Try it
Give the whole listing below once more, exactly, without pictures.

Data shown
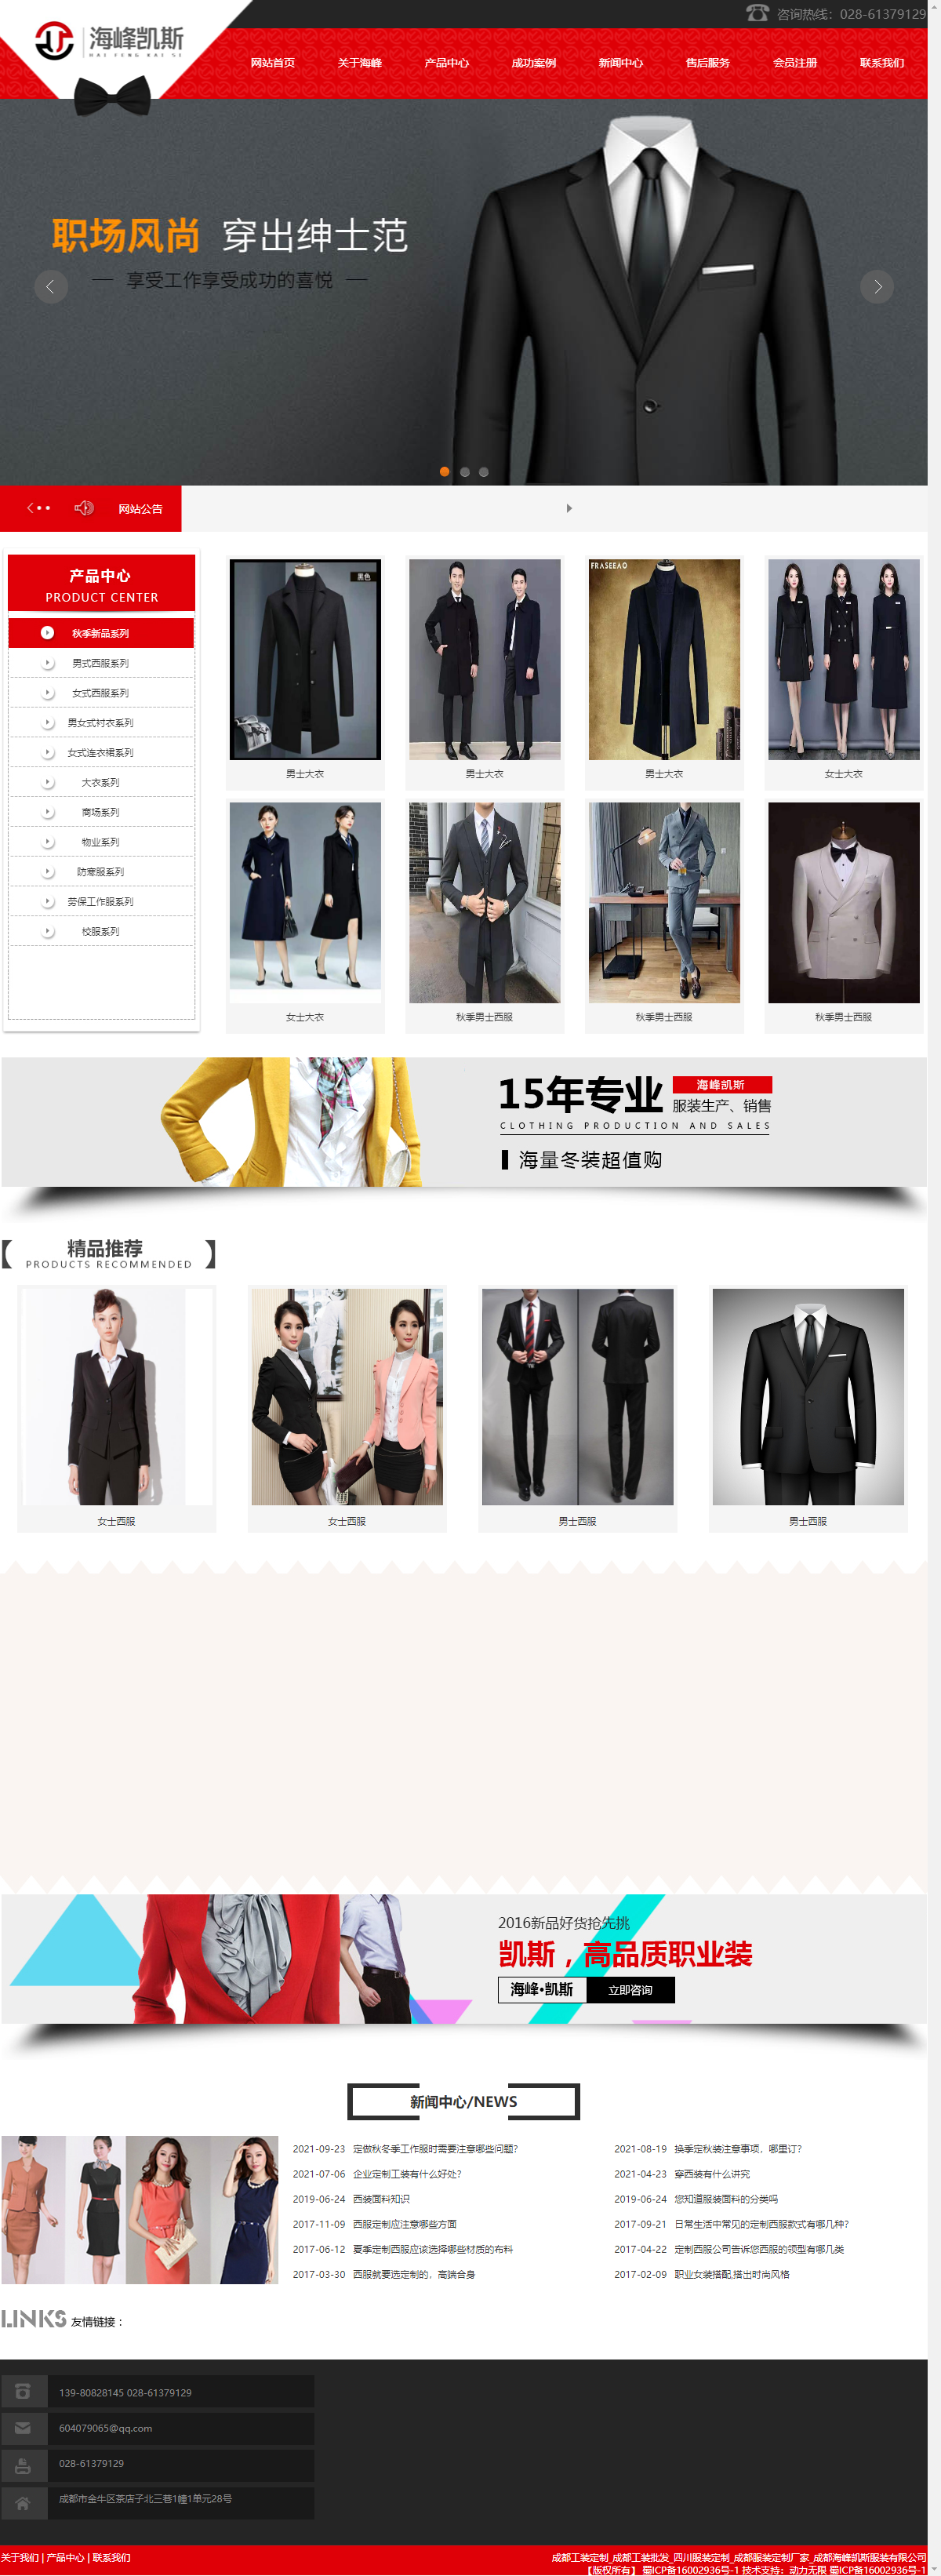 成都海峰凯斯服装有限公司网站案例
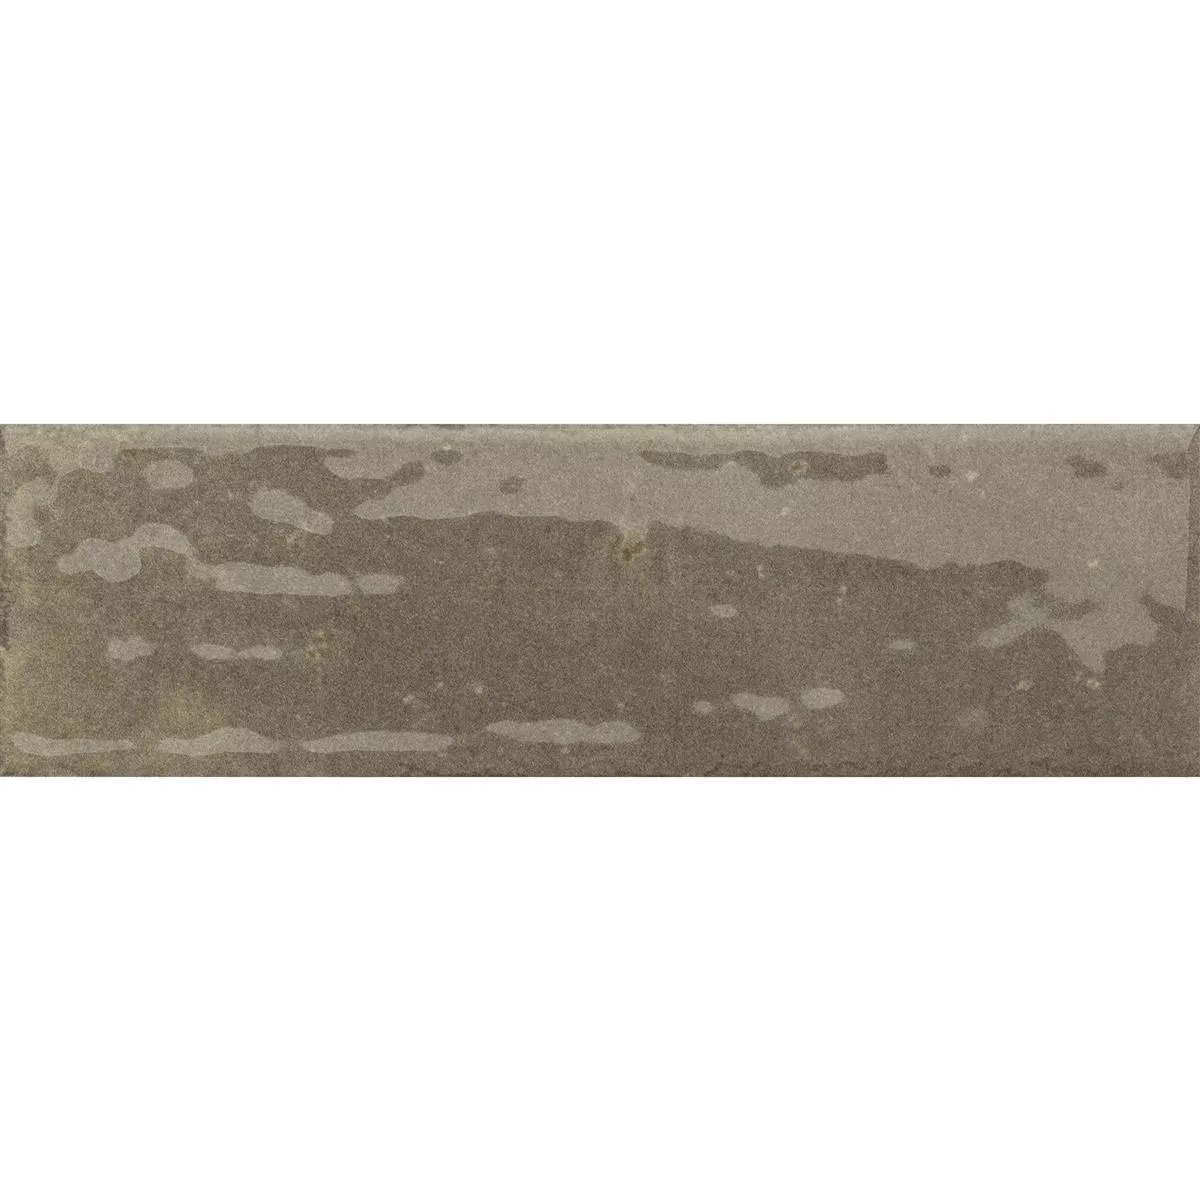 Próbka Płytki Ścienne Arosa Błyszczący Karbowany Brązowy 6x25cm
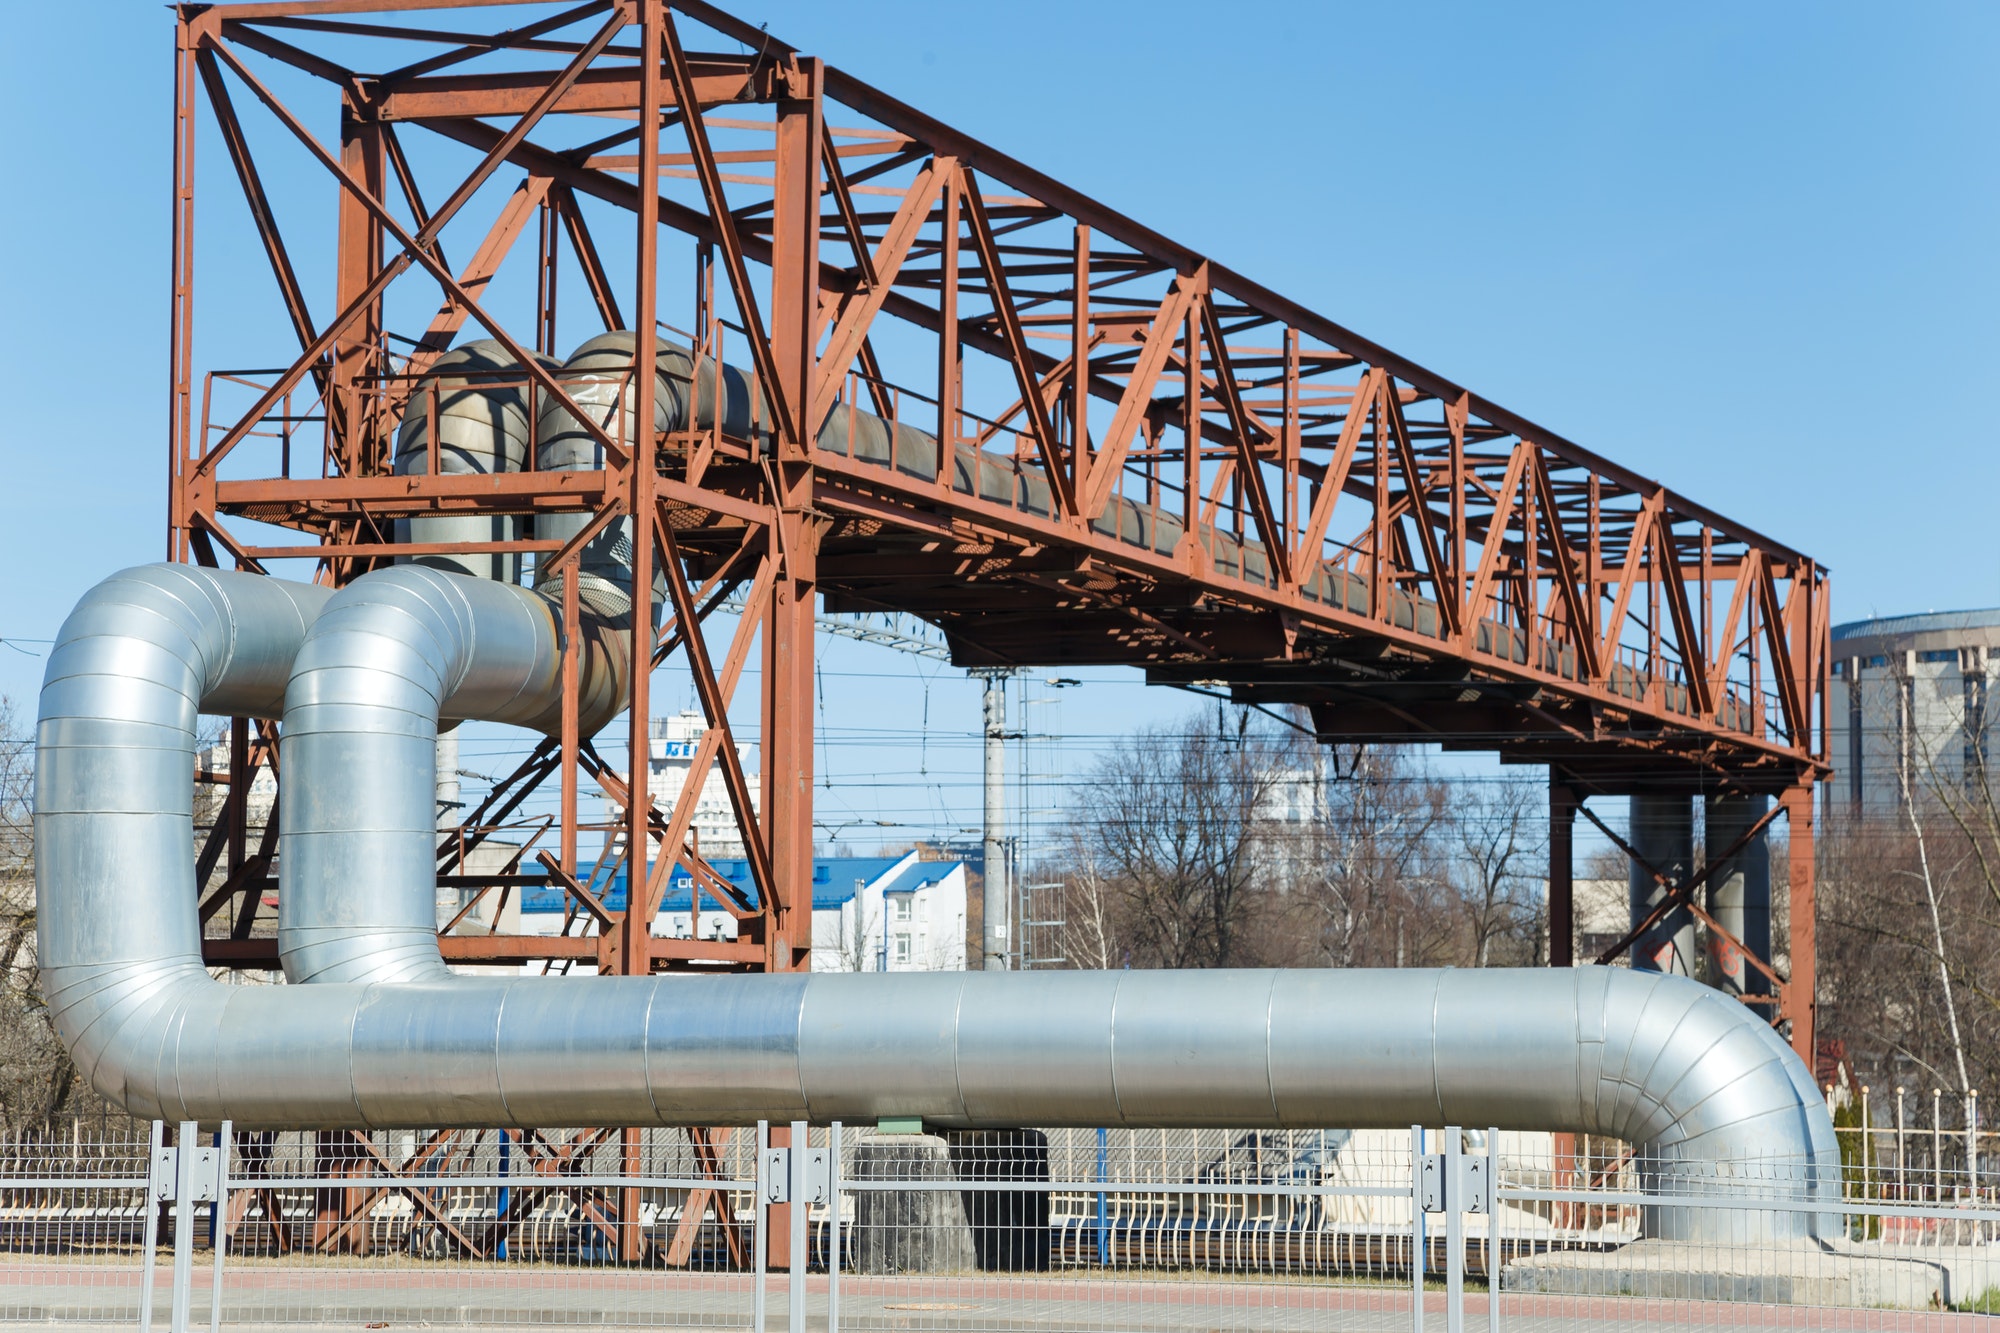 Industrial huge pipes on metal viaduct outdoor
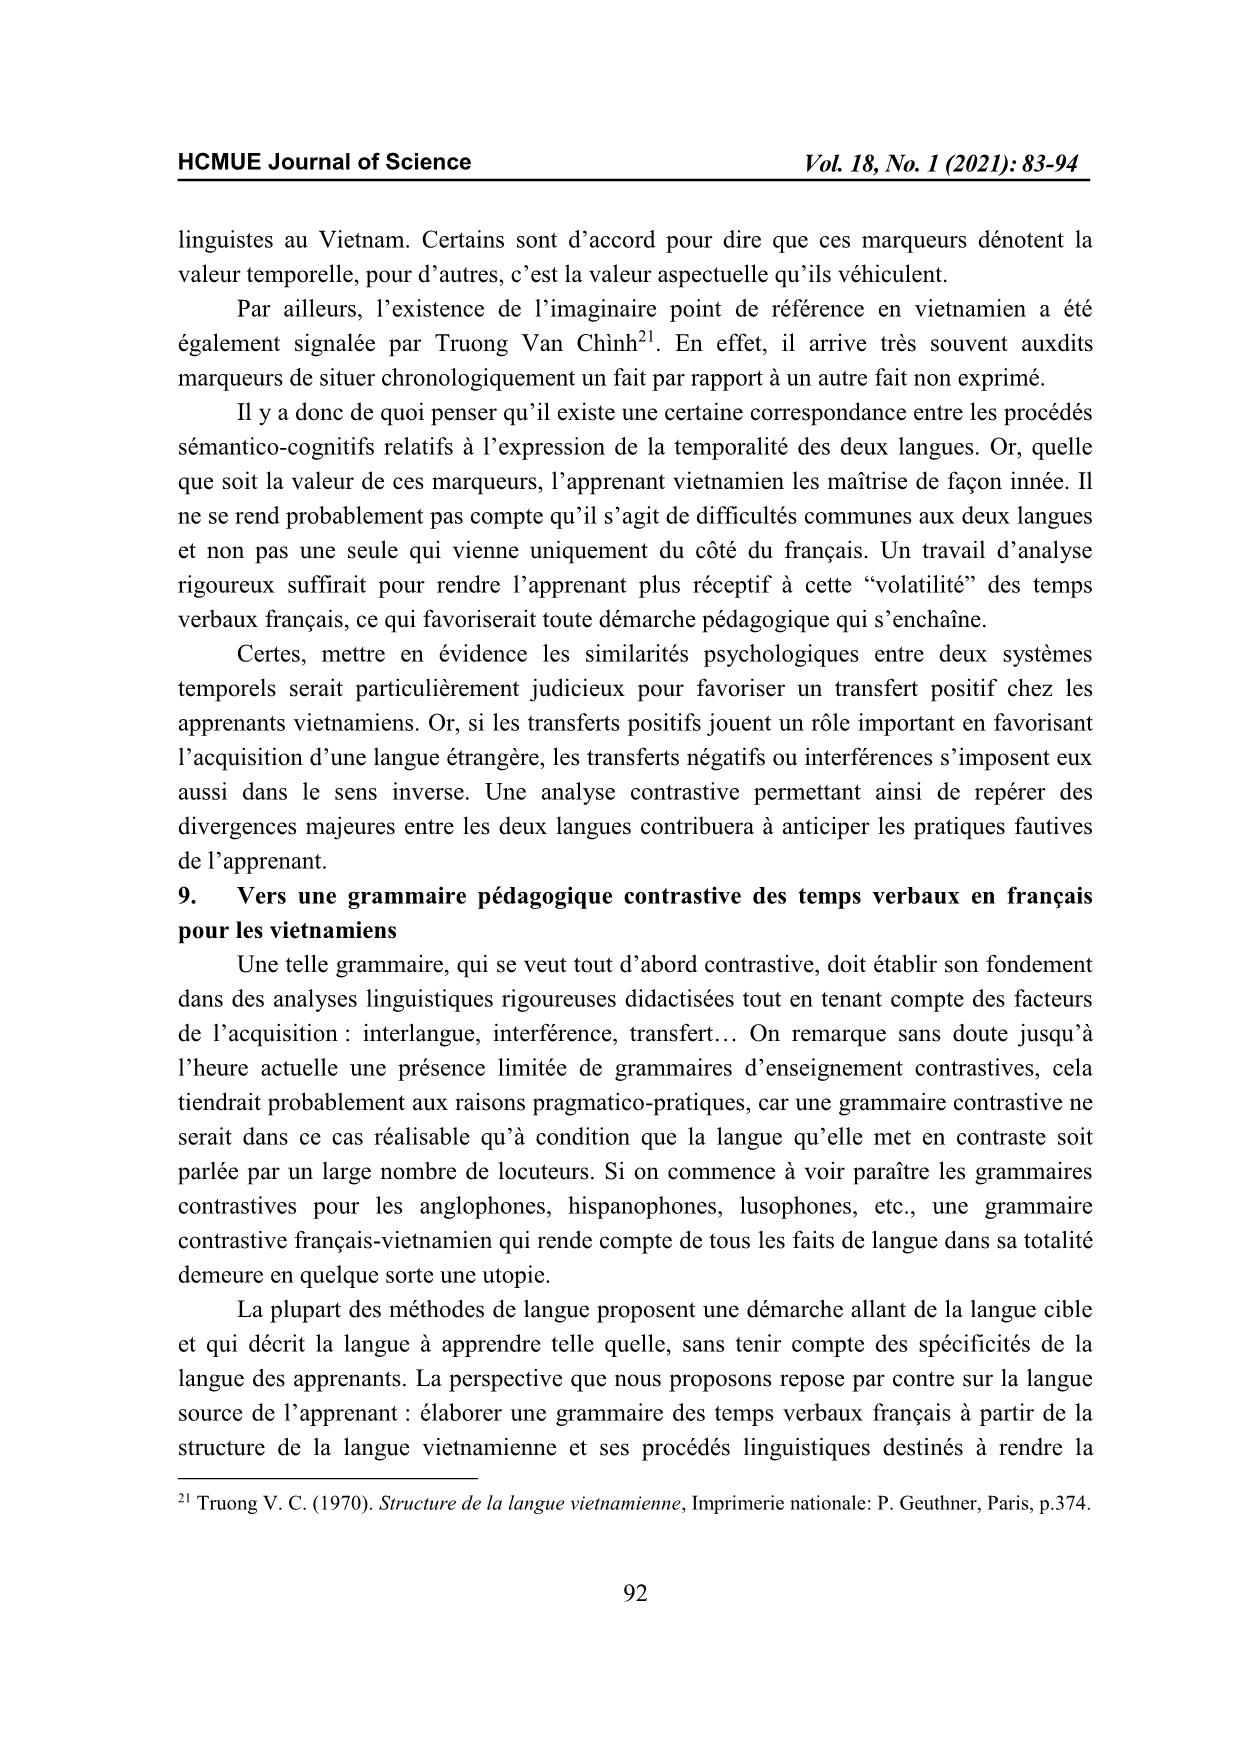 Vers une grammaire contrastive des temps verbaux pour les apprenants Vietnamiens du Français Langue Étrangère (FLE) trang 10

Exercise response
 成都海峰凯斯服装有限公司网站案例
 Próbka Płytki Ścienne Arosa Błyszczący Karbowany Brązowy 6x25cm
 Industrial huge pipes on metal viaduct outdoor
 Vers une grammaire contrastive des temps verbaux pour les apprenants Vietnamiens du Français Langue Étrangère (FLE) trang 10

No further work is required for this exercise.